Women's Highland Dress

"The dress of the women among them is most becoming, for over a gown reaching the feet, and very richly adorned by the Phrygian art (embroidery), they wear very full cloaks, of several colours, such as I have described - loose and flowing, yet gracefully drawn into folds, as they will. With their arms tastefully adorned with bracelets, and their throats with necklaces they have great grace and beauty."
-Bishop Lesley, 1570's. The original is in Latin, and uses the word tunica, for gown, which may suggest a straight-hanging fullness of more Medieval style, in contrast to the more fashionable farthingale.


Women's Fashions, Edinburgh

The original paragraph has been broken up by social class to help make the descriptions distinct from each other.
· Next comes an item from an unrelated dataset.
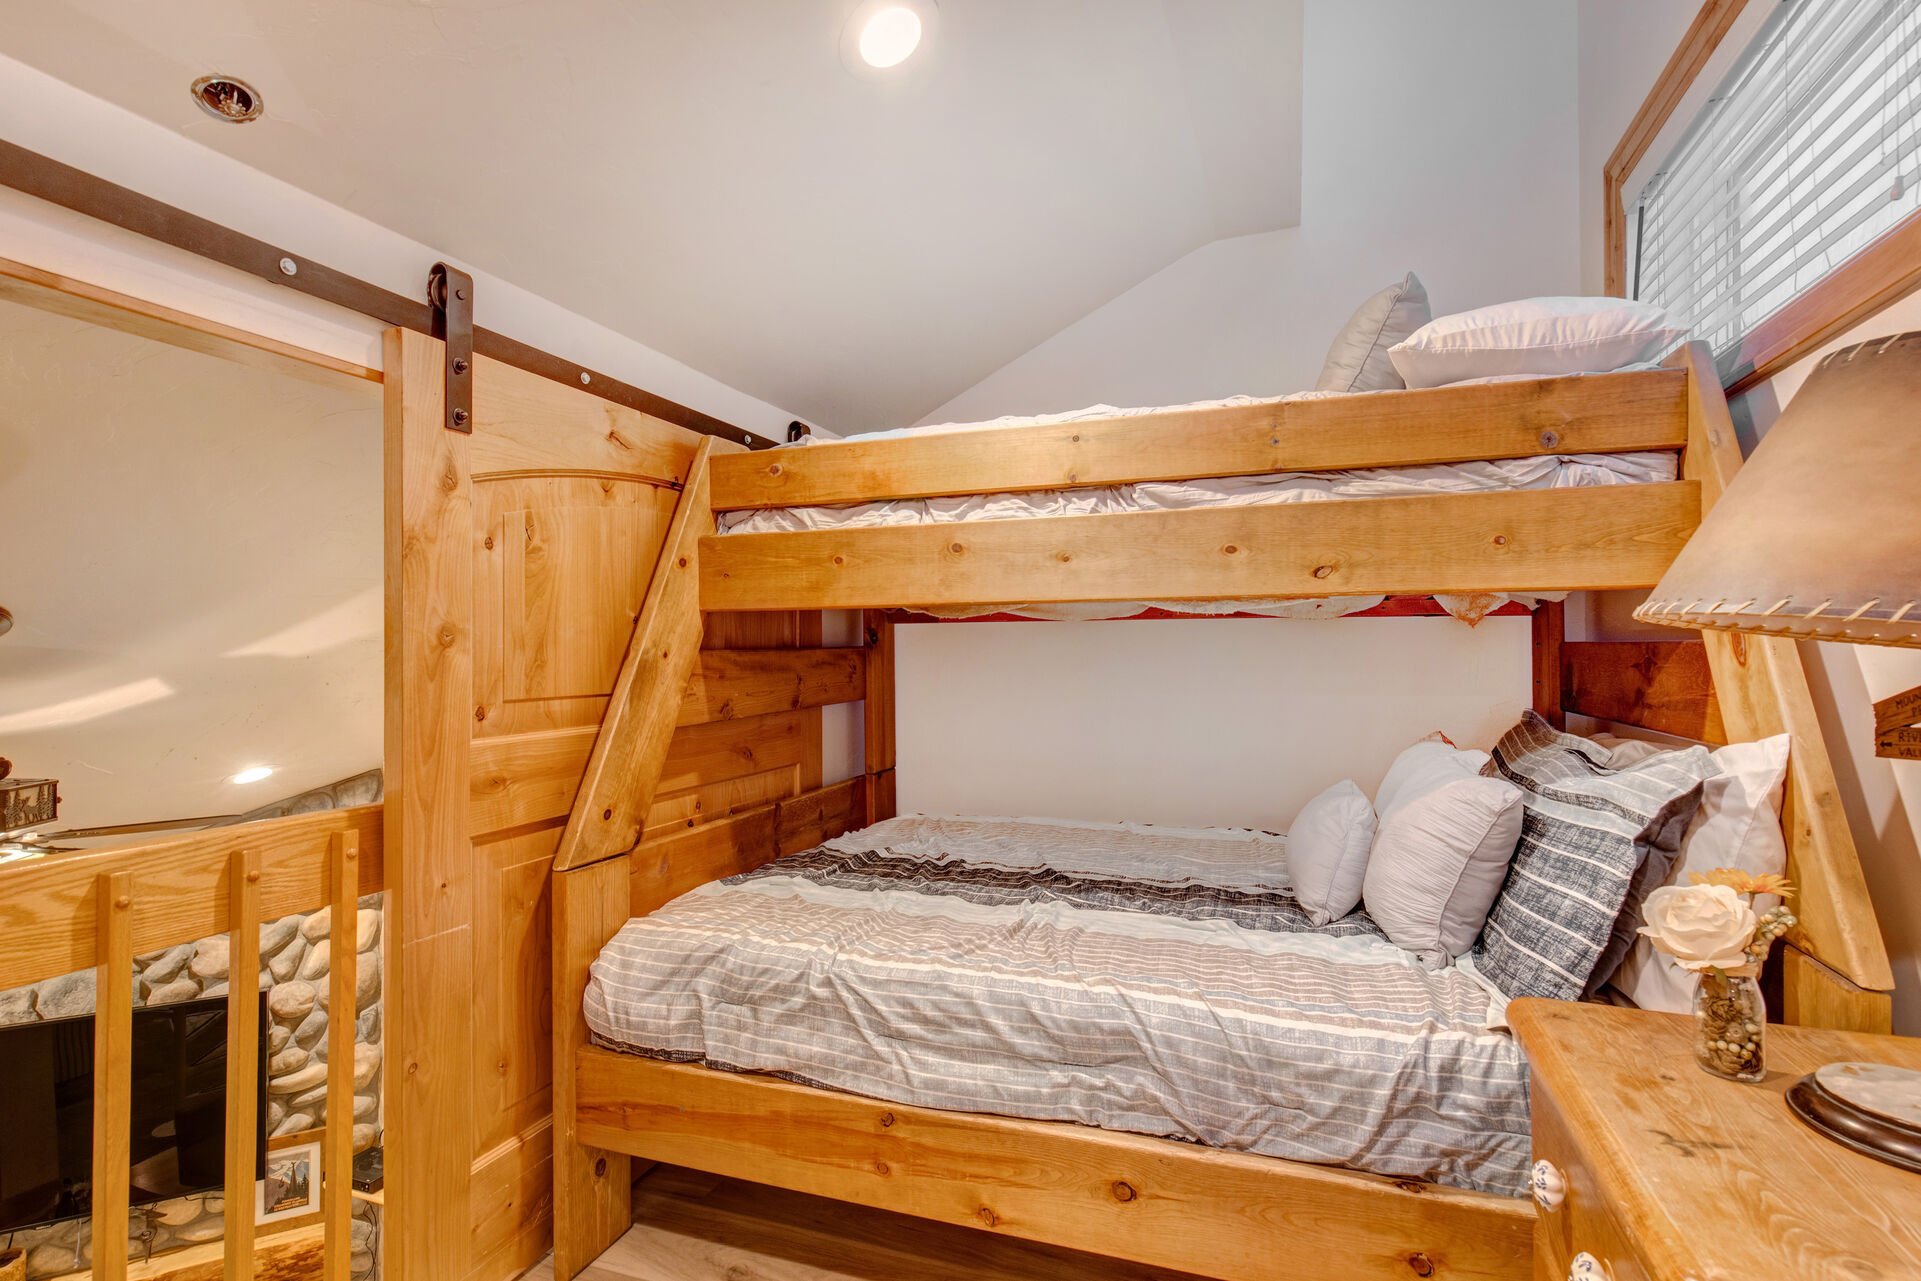 Upper Level Bunk Room with Twin over Full bunk bed, and access to a full shared bath with a tub/shower on the lower level
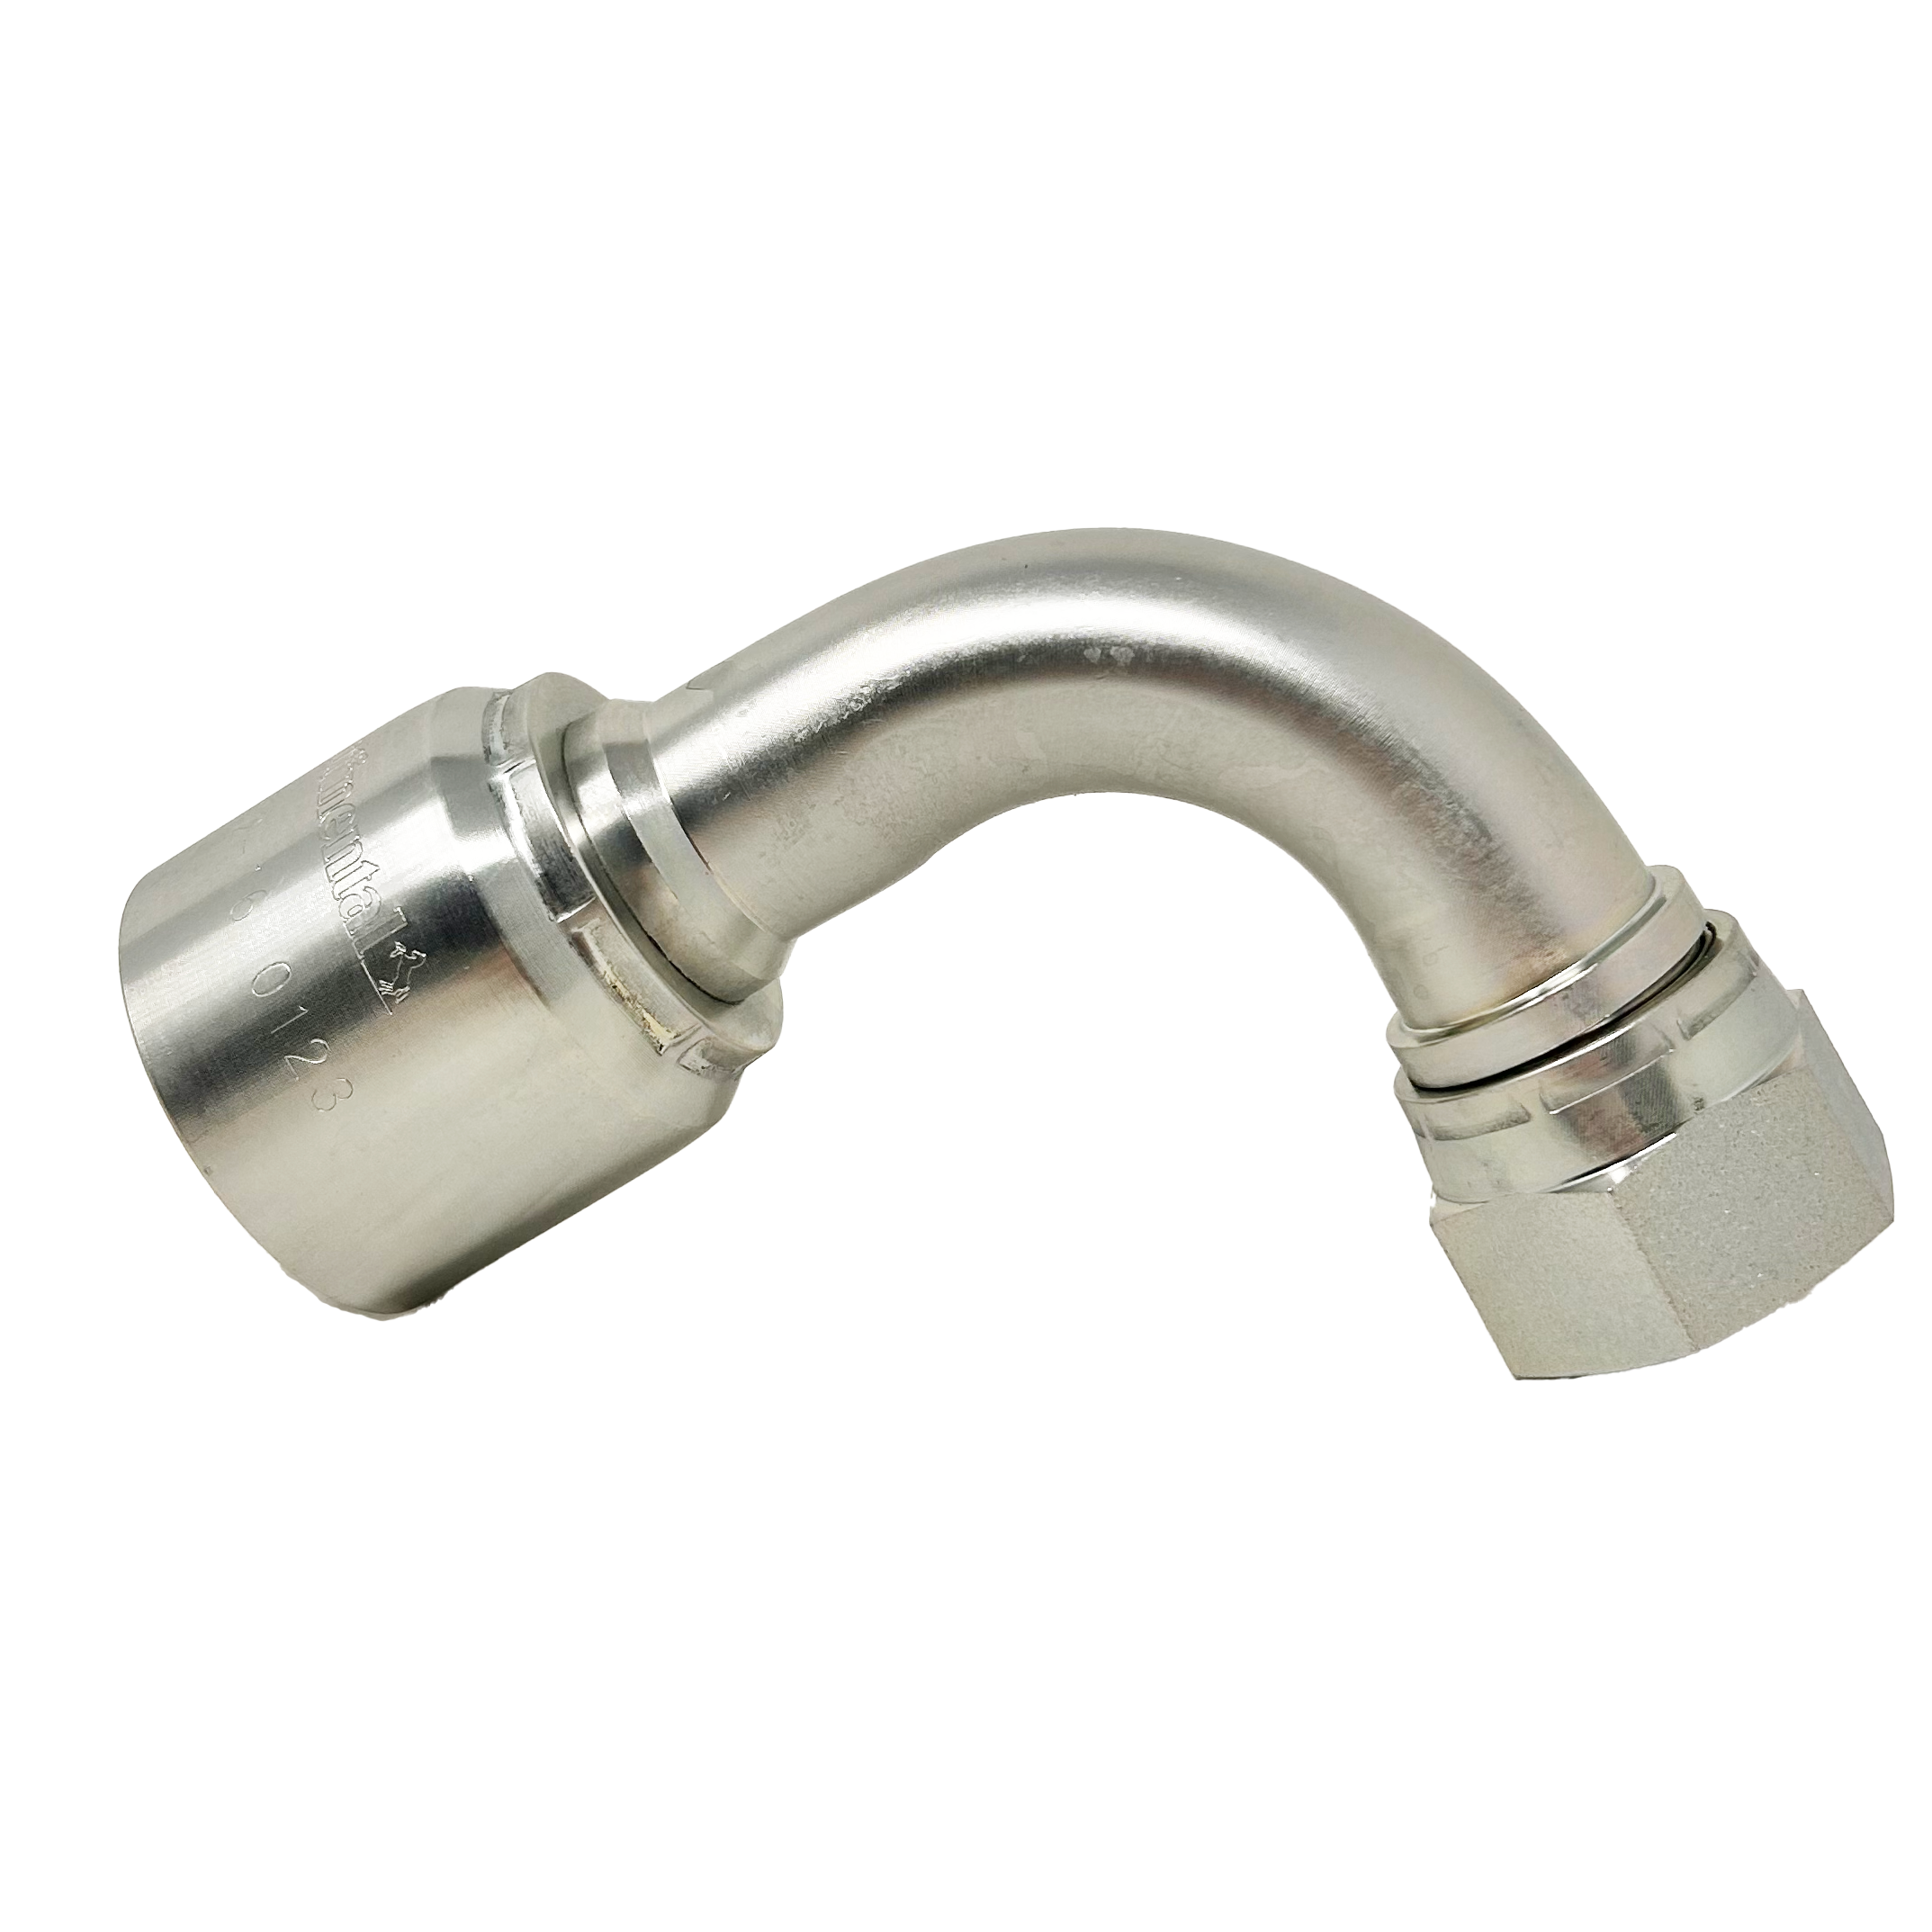 B2-JCFX90-0404S: Continental Hose Fitting, 0.25 (1/4") Hose ID x 7/16-20 Female JIC, 90-Degree Swivel Connection

"The women here wear and use upon festival days six or seven several habits and fashions, some for distinction of widows, wives and maids, others apparelled according to their own humour and fantasy. Many wear (especially the meaner sort) plaids, which is a garment of the same woollen stuff whereof saddle cloths in England are made (A close felt-like cloth the would keep out rain), which is cast over their heads and covers their faces on both sides, and would reach almost to the ground, but that they pluck them up and wear them cast under their arms." Some ancient women and citizens wear satin straight-bodied gowns, short little cloaks with great capes, and a broad bonegrace coming over their brows and going out with a corner behind their heads: and this bonegrace is as it were lined with a white starched cambric suitable thereto." (Bonegrace: a silk, or cloth hood over a starched under-coif projecting around the face like the headgear of some religious orders?) "Young maids not married all are bare-headed, some with broad thin shag ruffs, which lie flat to their shoulders, and others with half bands, with wide necks, either much stiffened or set with wire, which come only behind: and these shag ruffs, some are more broad and thick than others."
- 1635, Sir William Brereton.

Bands with wide necks seem to be the broad lawn collars on each side of a square décolletage, as in the paintings of Van Dyck. These seem to have reached Scotland sooner than England. Van Dyck's portrait of Mevrouw Leerse shows this collar, with the tilted back cut separate, and edged in lace. It
is shown with deep cuffs to match on a black satin dress. His portrait of Marie-Louise de Tassis has another, with the back part pleated. Later the stiffening went, and it lay flat. The "shag ruff" is a puzzlement. According to the Oxford Dictionary, shag was cloth of wool or silk, with a velvet nap
similar to a modern velour. The true ruff was of linen, perhaps with lace, and did not lie flat. The author may be describing a pleated tippet, worn for warmth above the low-cut dress of the day.


Lowland Dress

The original paragraph has been broken up by social class to help make the descriptions distinct from each other.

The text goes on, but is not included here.